Later this afternoon, Gretchen would be taking the Chevy Bolt to Van Kleeck's Tire to find out where the air was leaking from the tire that had given us so much grief on Sunday. She would be driving it there, so at noon today I pumped some preliminary air in the tire. After I did this, I just happened to check the stem and noticed that a slow hiss of air was coming out of it. Evidently the valve was no longer sealing. This was likely caused by the stupid "Fix-a-Flat" spray I'd desperately tried to use on Sunday. Not only was it causing the stem valve to fail, but it was making it increasingly difficult for a compressor to put air into the tire. I found, however, that it was possible to nearly stop the stem leak just by putting a small square of material cut from a plastic bag over the end of the stem and then tightening a stem cap unusually tightly on top of it. After doing this, the tire seemed to hold air like one without a leak, making me really wish I'd known to check for a stem leak back on Sunday.
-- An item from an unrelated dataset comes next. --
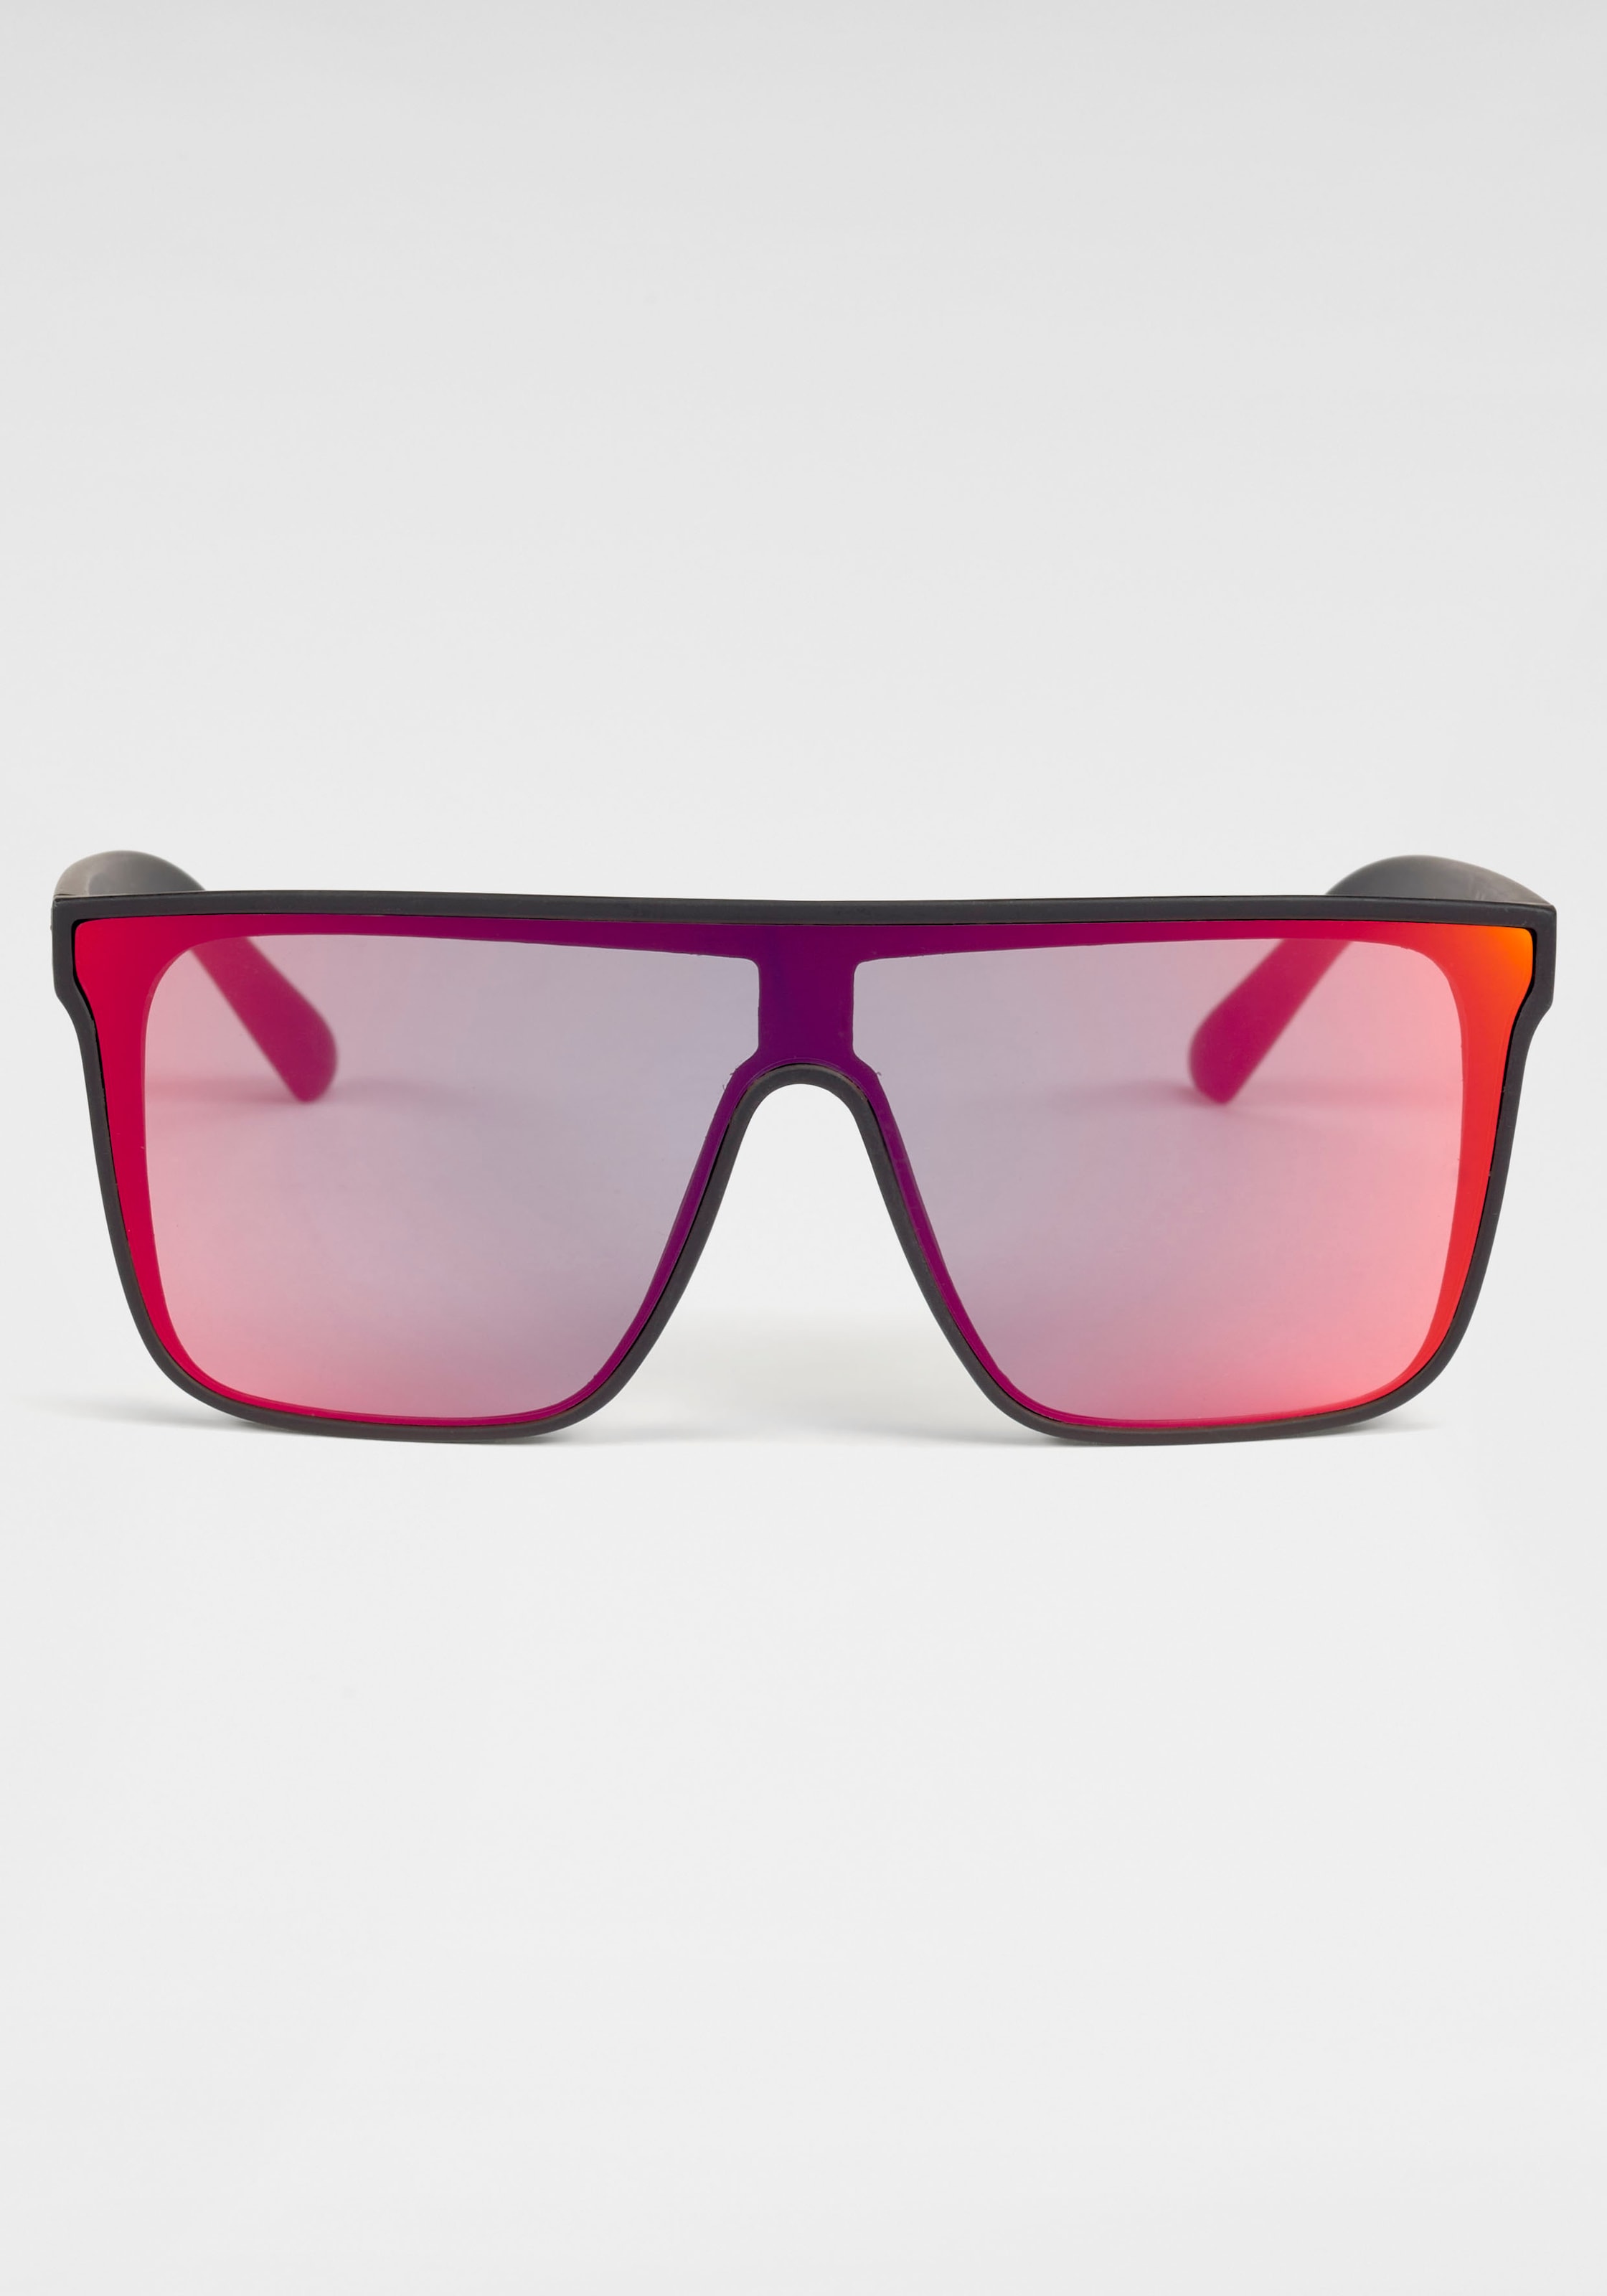 Venice Beach Sonnenbrille, Einscheibensonnenbrille aus Kunststoff

Later when Gretchen returned from Van Kleeck's, she showed me a half-inch-long tip of a drywall screw that had been removed from the tire. That had caused the original leak (which the Fix-a-Flat might've actually fixed). The guys at Van Kleeck's also fixed (or replaced) the stem, so the tire was back to normal again. All of that work had been free, though they'd also identified two tires that needed to be replaced, so the visit ended up costing over $400.

This evening Gretchen prepared an interesting meal of Spanish rice, fried marinaded tempeh, and asparagus. It vaguely resembled the kind of meal that housewives made for their husbands back in the 1950s, with a slab of "meat," a protein, and a vegetable all in their separate places on the plate. But it was much more flavorful (in comfort-food-type way) and the flavors worked well together when I combined tempeh, rice, and asparagus on a fork.


During group QA this afternoon, I had my camera on. I'd set the Montezuma waterfall (in Costa Rica) as my background and added an AI-generated animated cat to my head (using a SnapChat plugin in Teams). Then Diane the Cat (a real cat!) wanted cuddles. You can see her here with the bell-collar that hopefully warns wildlife of her approach. My colleague Allee snapped this screengrab.